* _What you will do_
Each line of the material should be set down exactly. Pictures are not part of the copy.
====== Data section
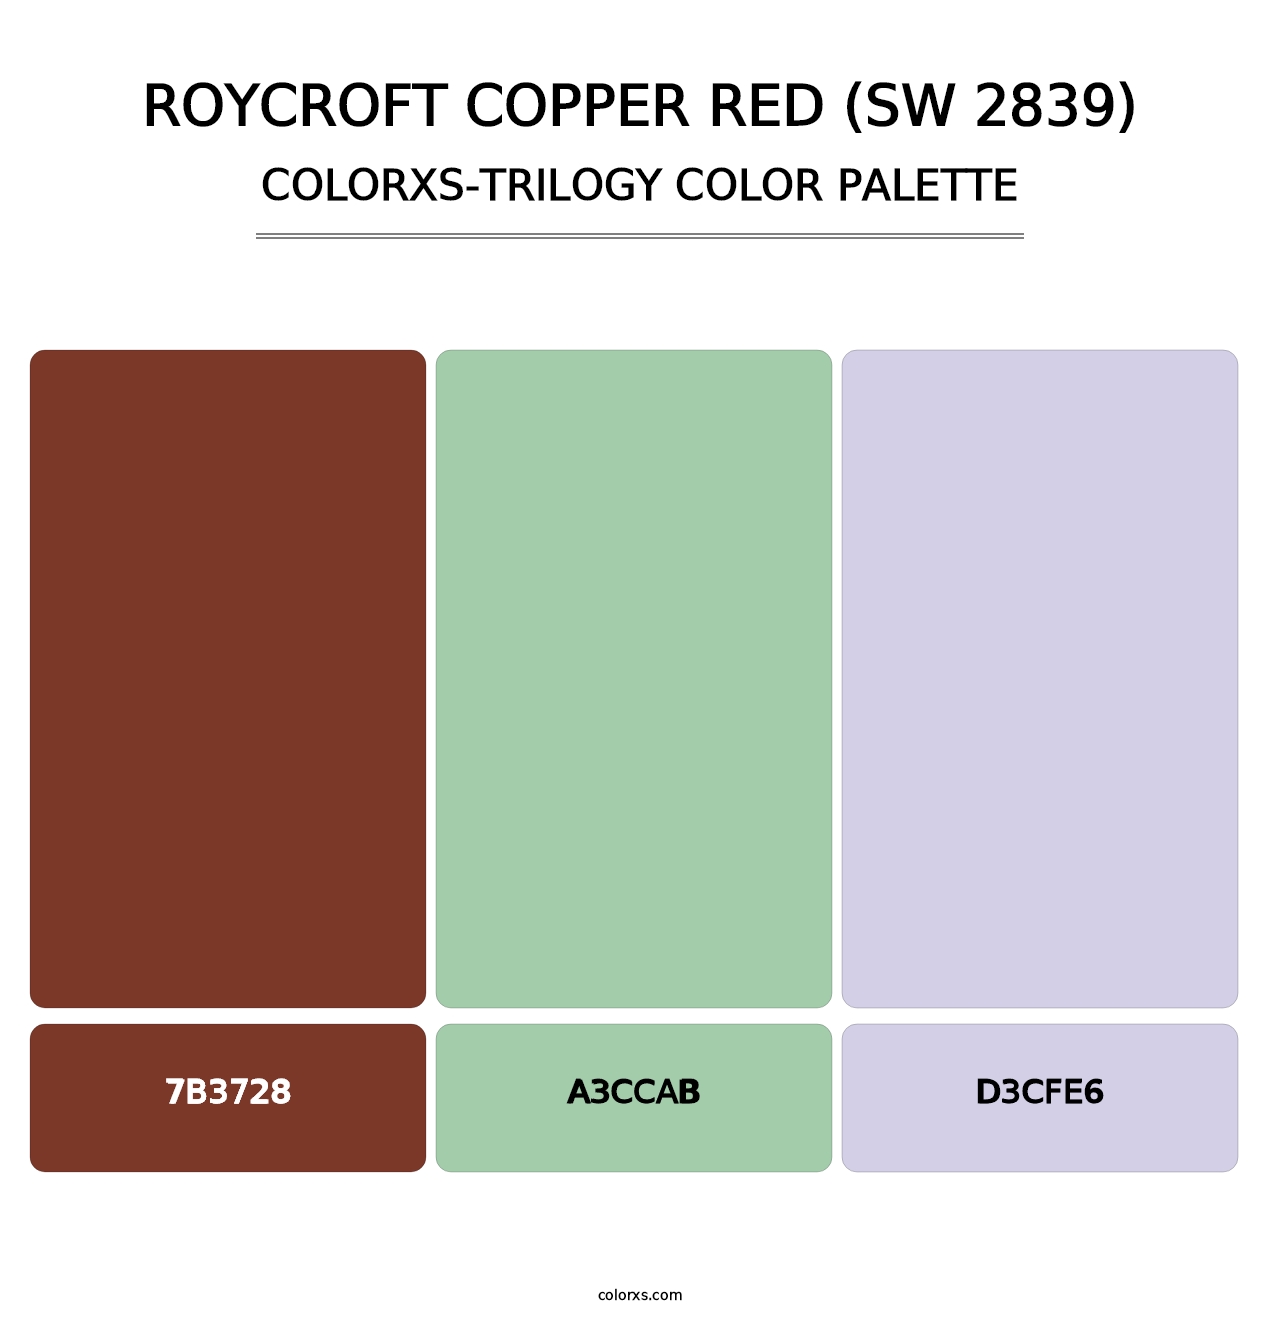 Roycroft Copper Red (SW 2839) - Colorxs Trilogy Palette
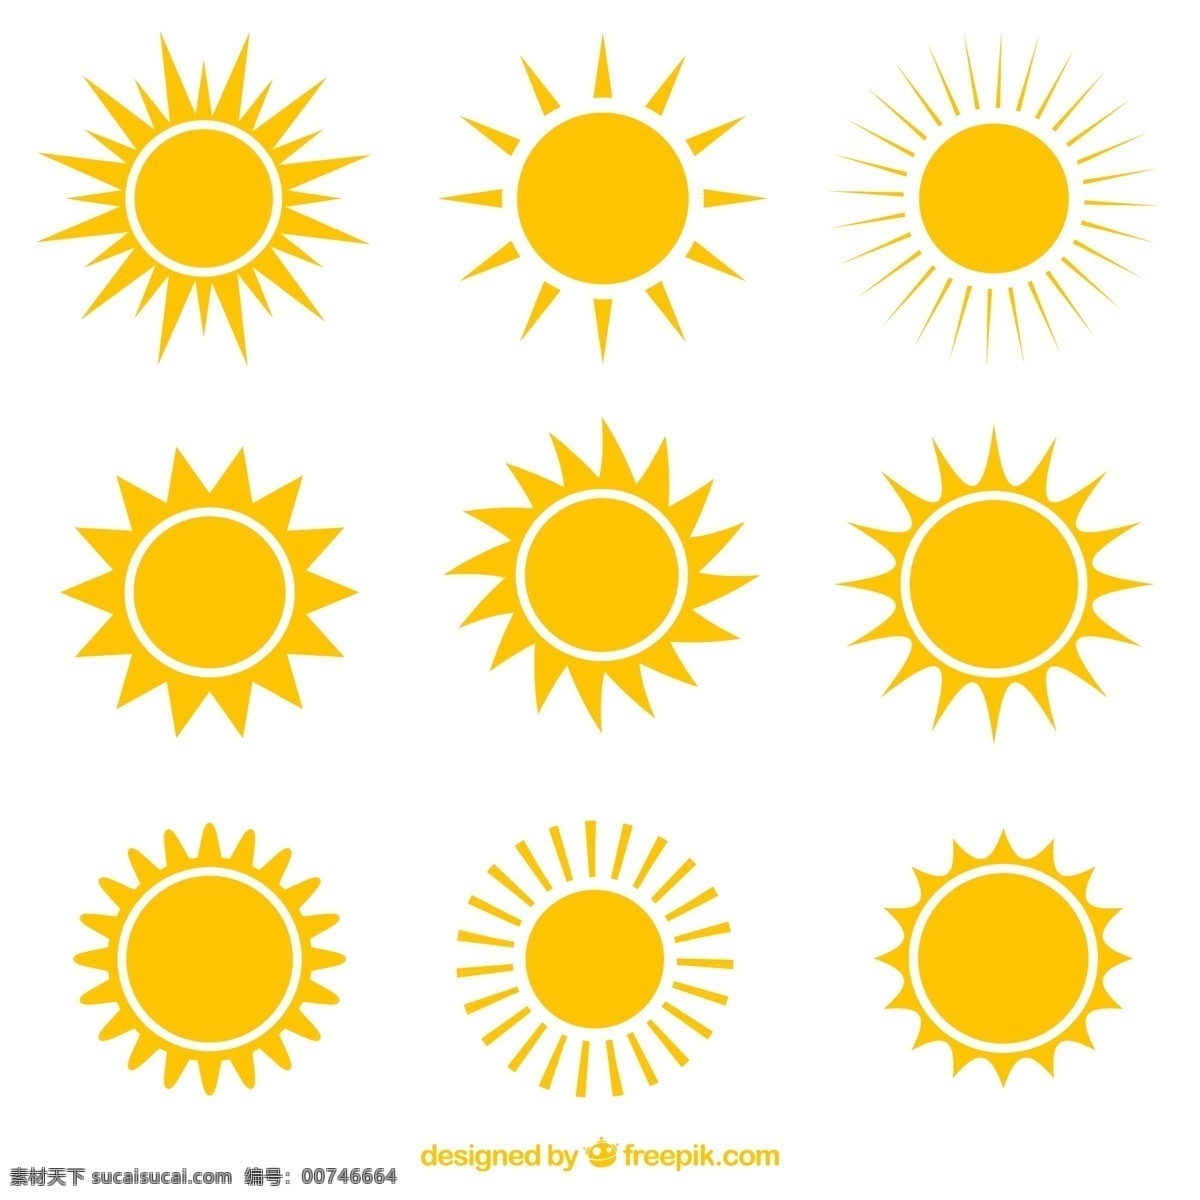 款 创意 太阳 图标 矢量图 9款 多种形状 金黄色 白色
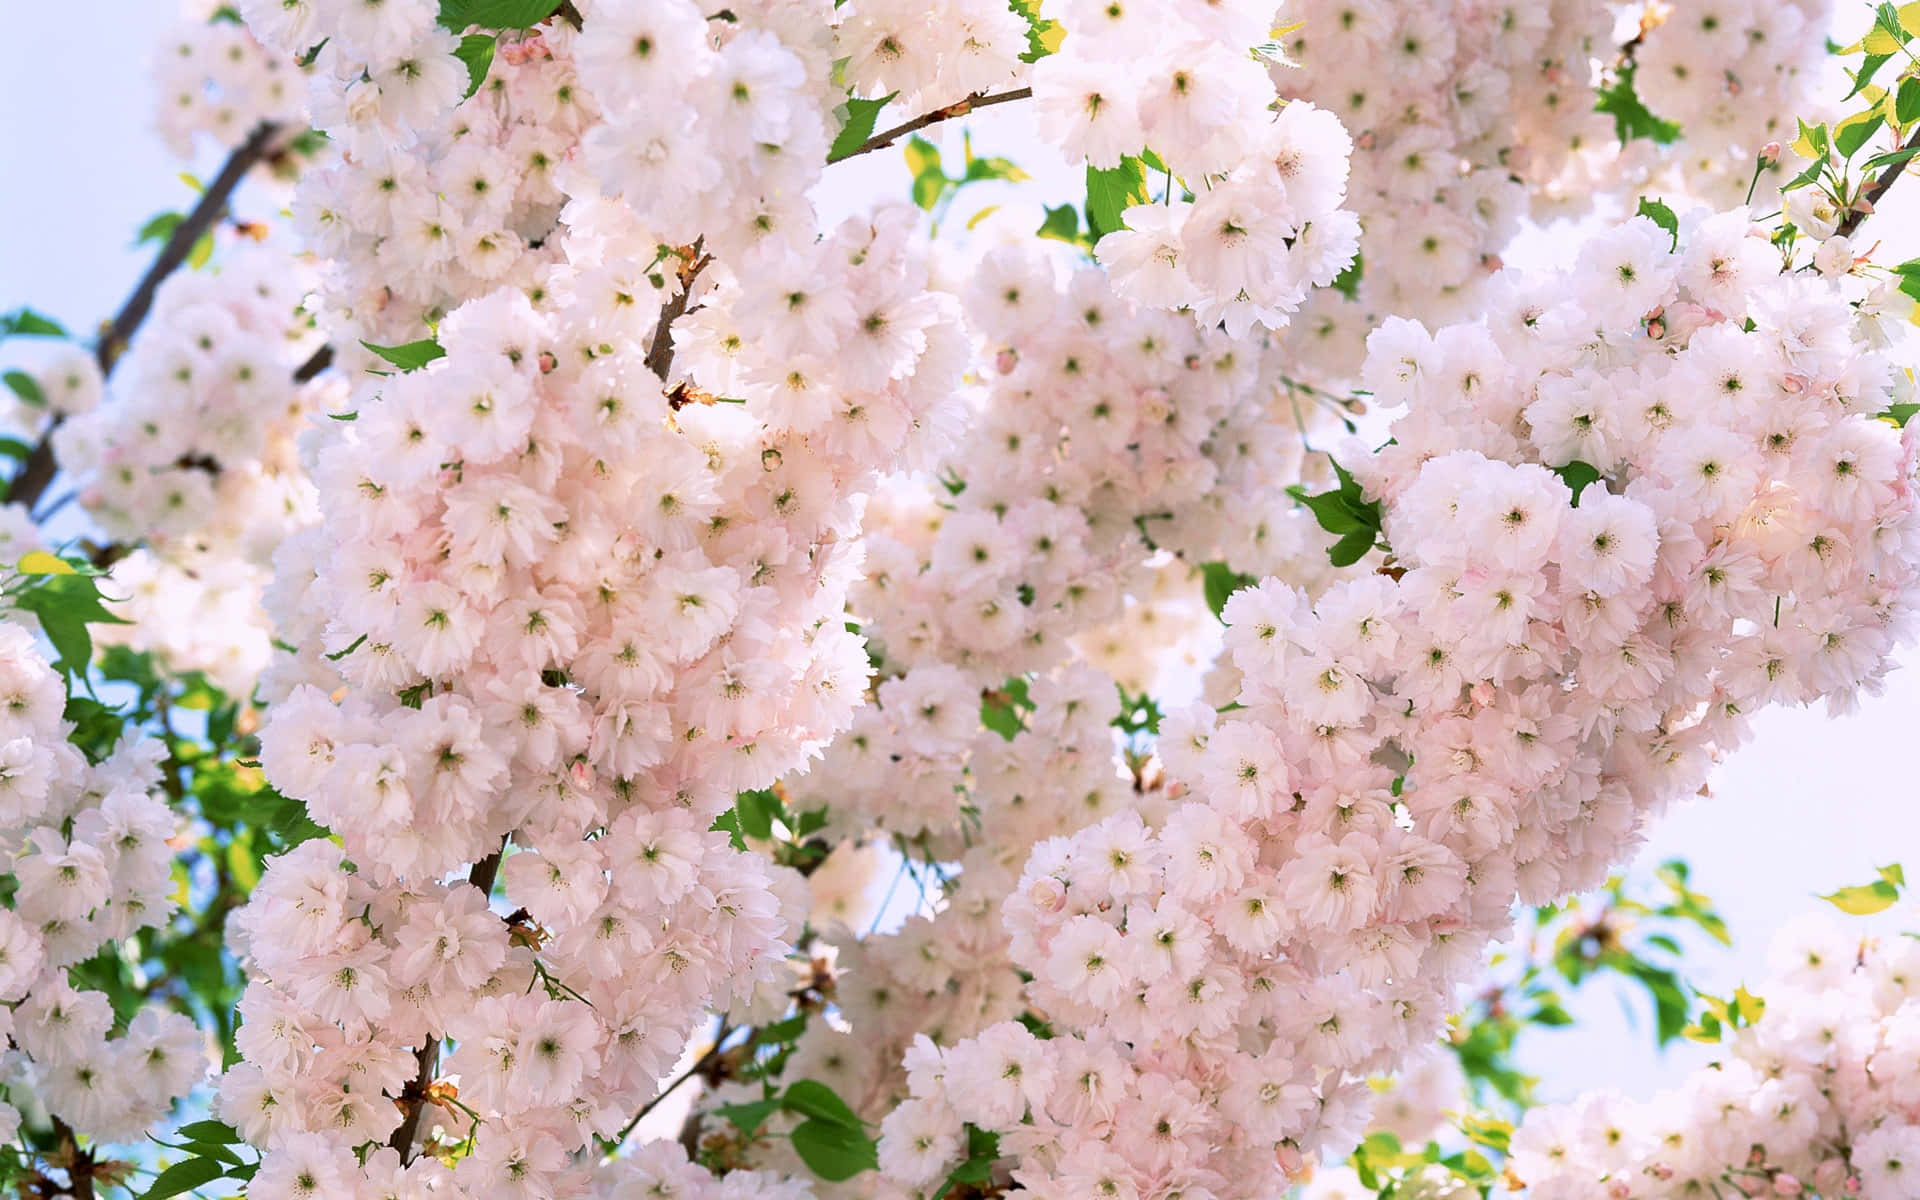 Fascinanteencanto Floral En Tumblr
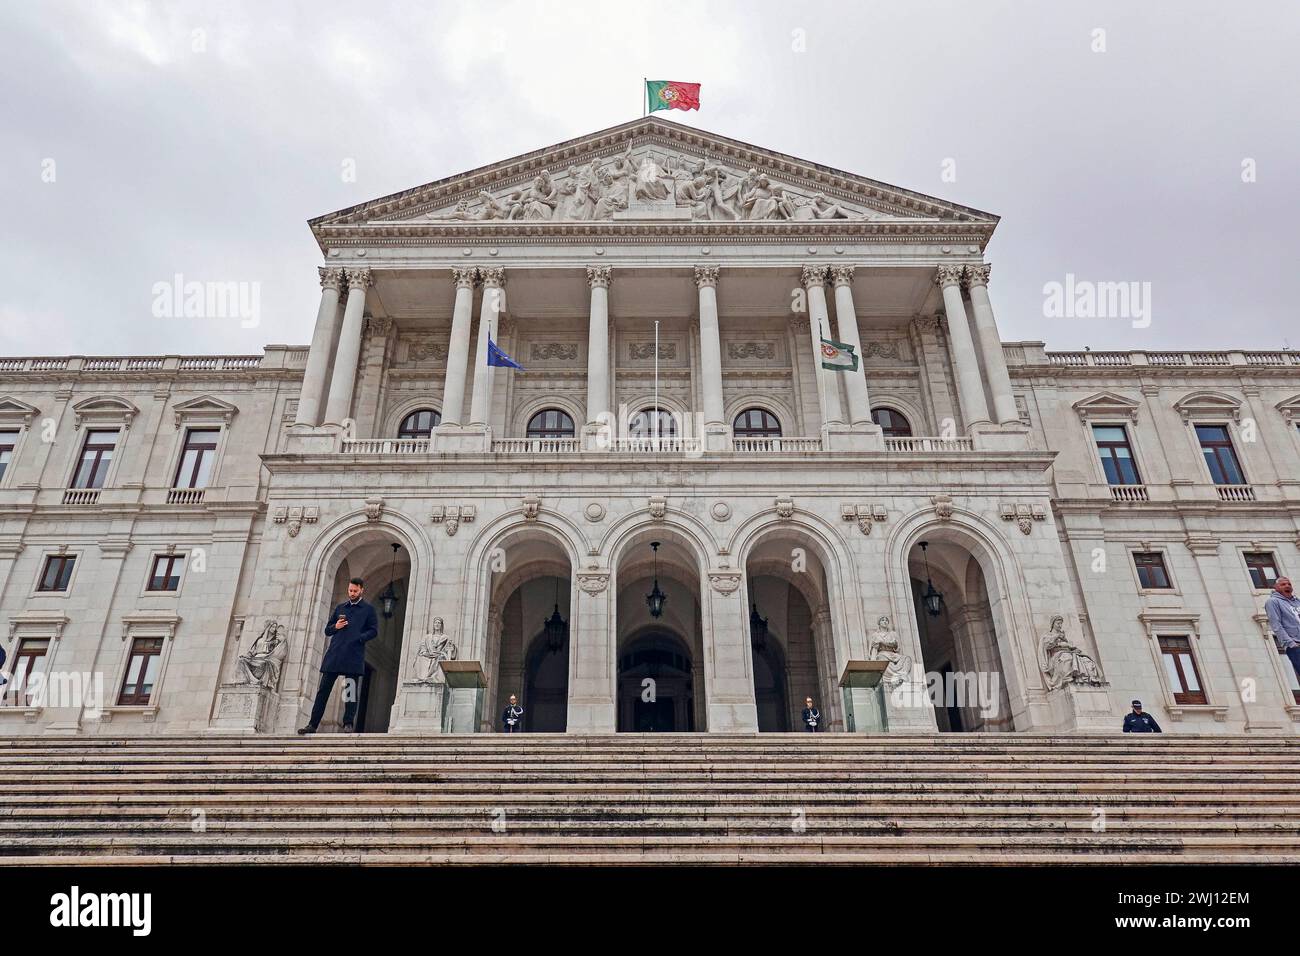 Portugal, Lisbonne, Palacio de Sao Bento - Palais Saint Benoît - à Lisbonne est le siège de l'Assemblée de la République portugaise, le Parlement Banque D'Images
============
* _Answer_
 Roycroft Copper Red (SW 2839) - Colorxs Trilogy Palette
 款 创意 太阳 图标 矢量图 9款 多种形状 金黄色 白色
 Fascinanteencanto Floral En Tumblr
 Portugal, Lisbonne, Palacio de Sao Bento - Palais Saint Benoît - à Lisbonne est le siège de l'Assemblée de la République portugaise, le Parlement Banque D'Images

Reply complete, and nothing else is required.